What is neuroplasticity?  Let's start with "neuron" for the nerve cells in our brains and nervous system. "Plastic" for changeable, malleable and modifiable. Thus, neuroplasticity. The premise, we can create new circuits in our brain by using thinking  to turn on or off genes thus shaping our behavior.

If you have felt stuck in your life, practice of these cognitive behavioral techniques can help and as you will discover in the book, you can change your brain.In fact, you can create new circuits that can change your depression, anxiety, pain or stress.

I recently conducted a webinar is about Mind Attitudes, Healing, Optimism and Positive Psychology. In the webinar, I discuss neuroplasticity. You may want to get it to some of your patients (or colleagues) to listen in on the webinar.  The actual title for the webinar is: Mind Medicine: How Your Attitude Can Affect Your Health.  Listen in at your leisure by clicking on this link. 

http://www.disability101.org/webcast-library.html

Chronic Pain Treatment

In the March 7, 2011 issue of TIme Magazine, the topic is Finding new ways to treat pain. Alice Park states, "pain is the human bodyguard, the cop on the beat racing to the scene....protecting you. "  Pain helps you learn to avoid danger and is essential for survival.

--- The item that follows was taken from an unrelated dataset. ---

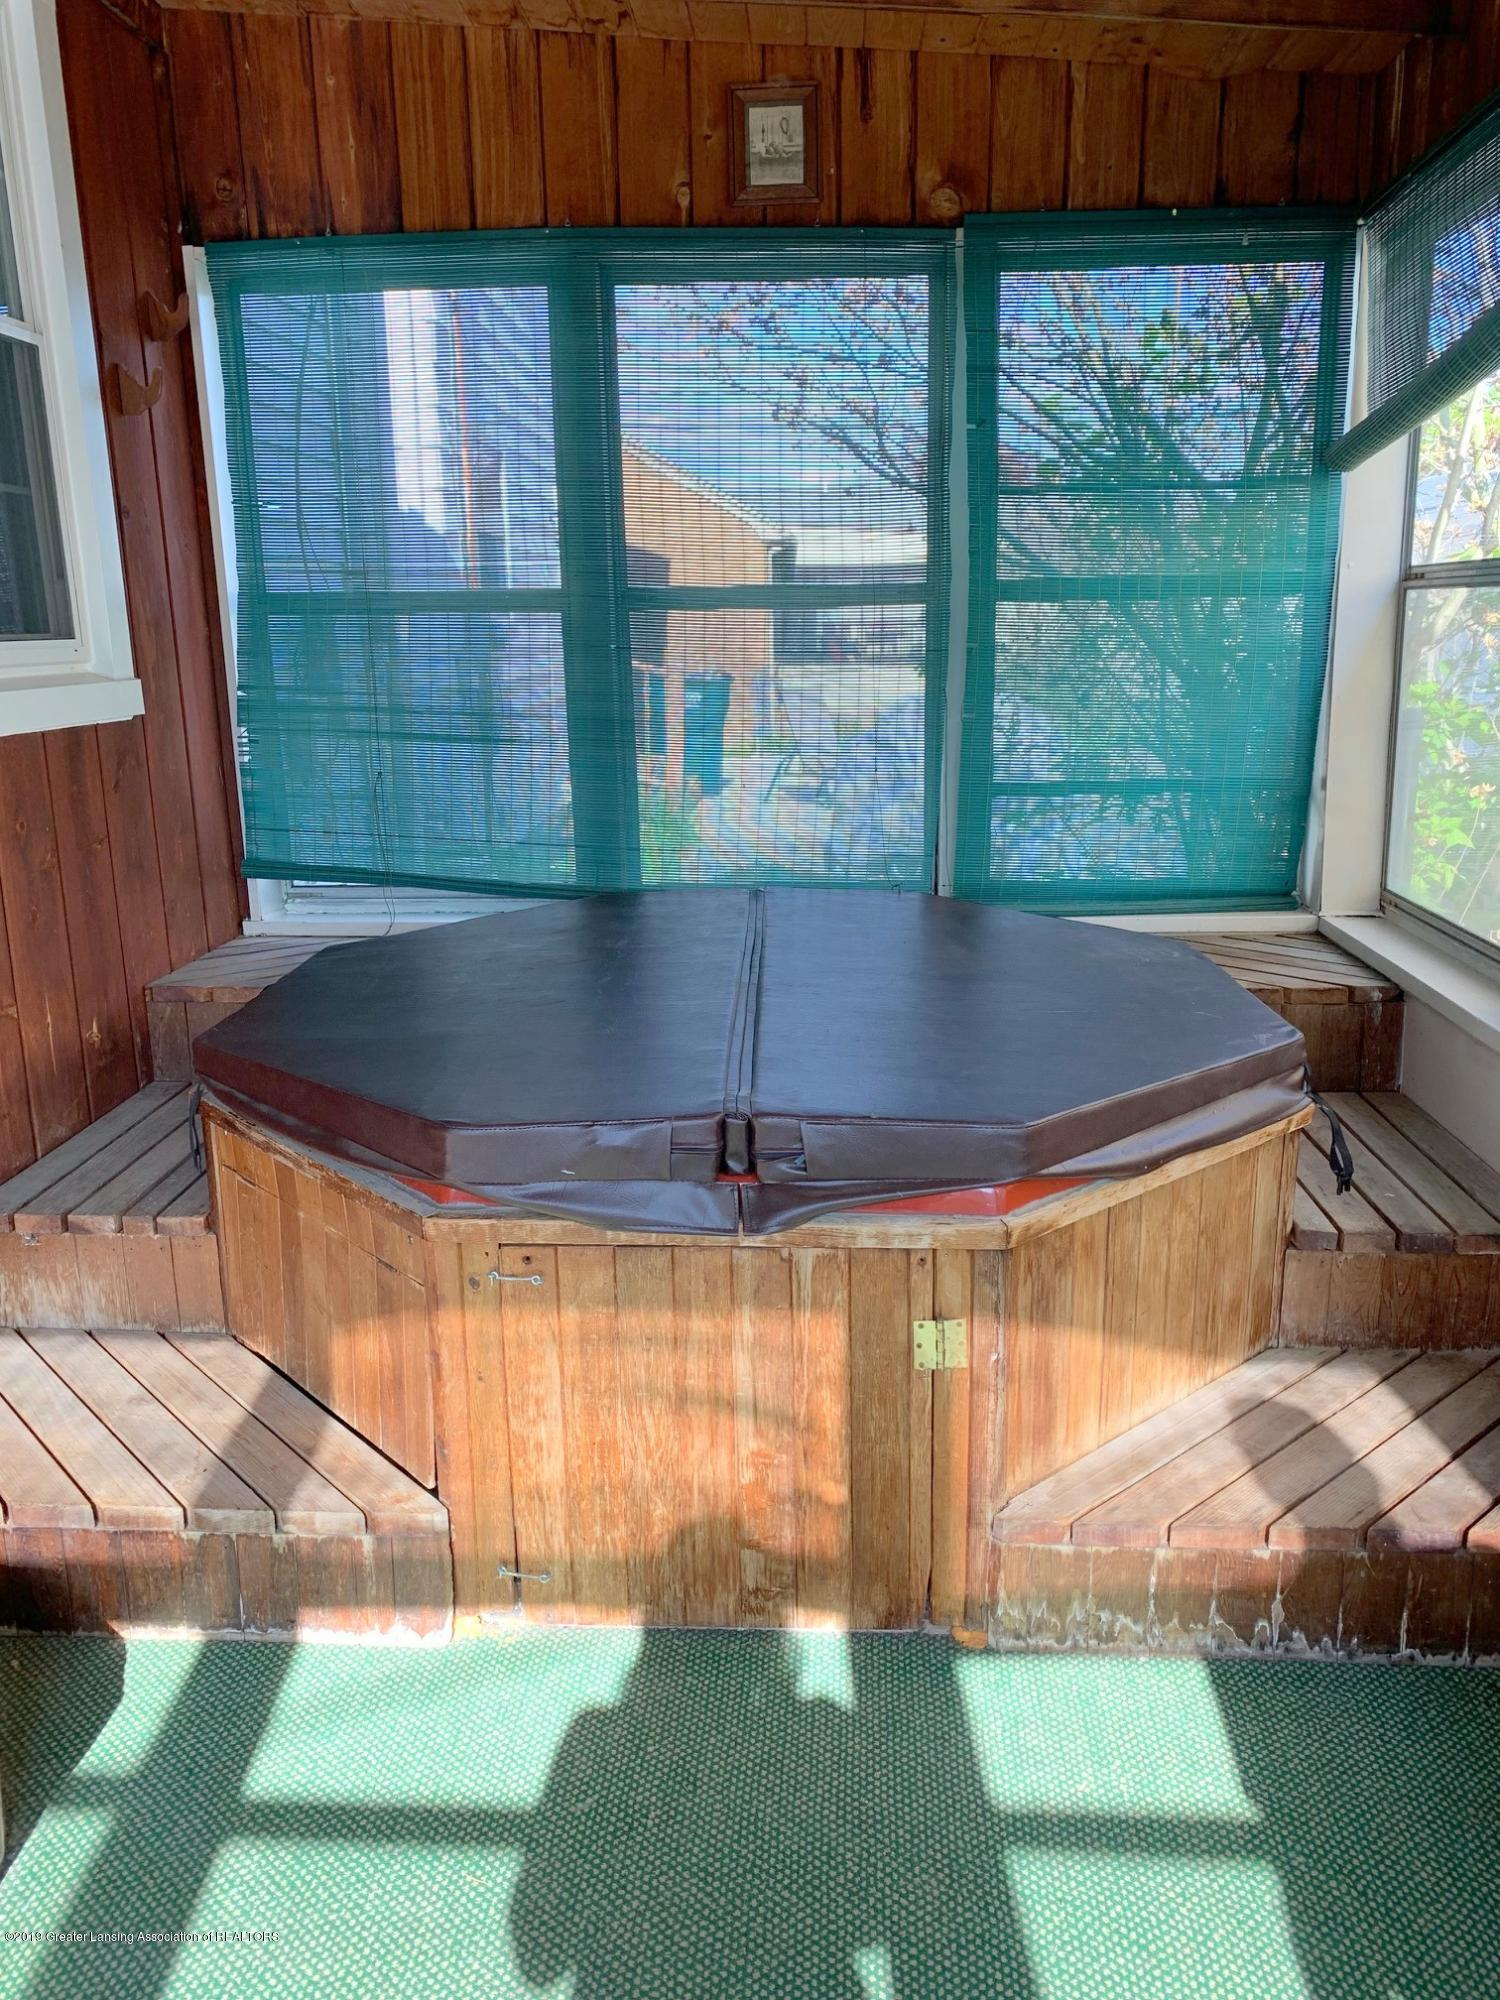 1116 Pershing Dr - Sun Porch Hot Tub - 33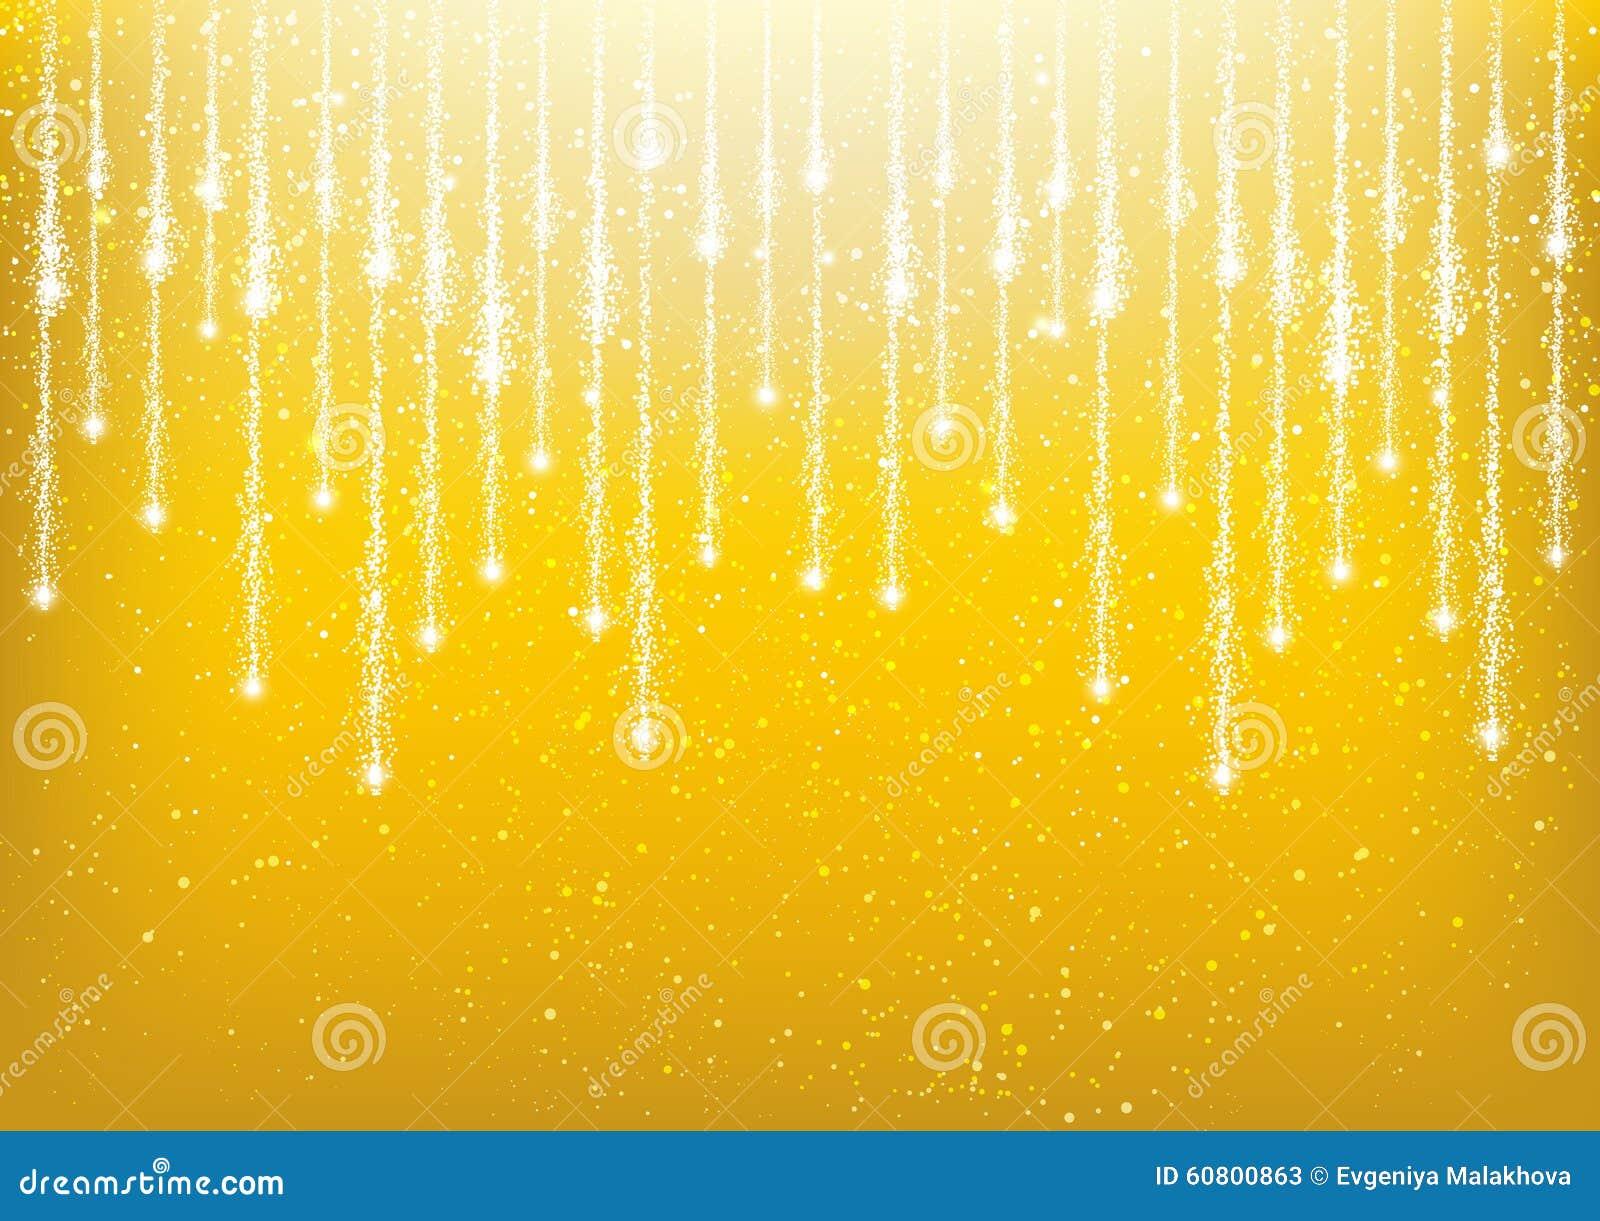 shiny golden lights stock - photo #25

The article goes on to ask what happens when pain "goes rogue," or "sends off false alarms and becomes a persistent, unceasing torment." Well 76 million people experience pain that does not dissipate. Pain killing medication is effective only for  time and can be very addictive. So, what is the answer?

A multifaceted approach that combines medication, physical therapy, and psychological support to help patients cope is recommended once it is established the pain is chronic. Multidisciplinary approaches tend to help the more severe cases of chronic pain. In addition, alternative treatment including massage, yoga, acupuncture, biofeedback, hypnosis, herbal supplements and biofield therapies (like quigong) can give a sense of relief and control.

Relief is at hand, consult your physician for recommendations.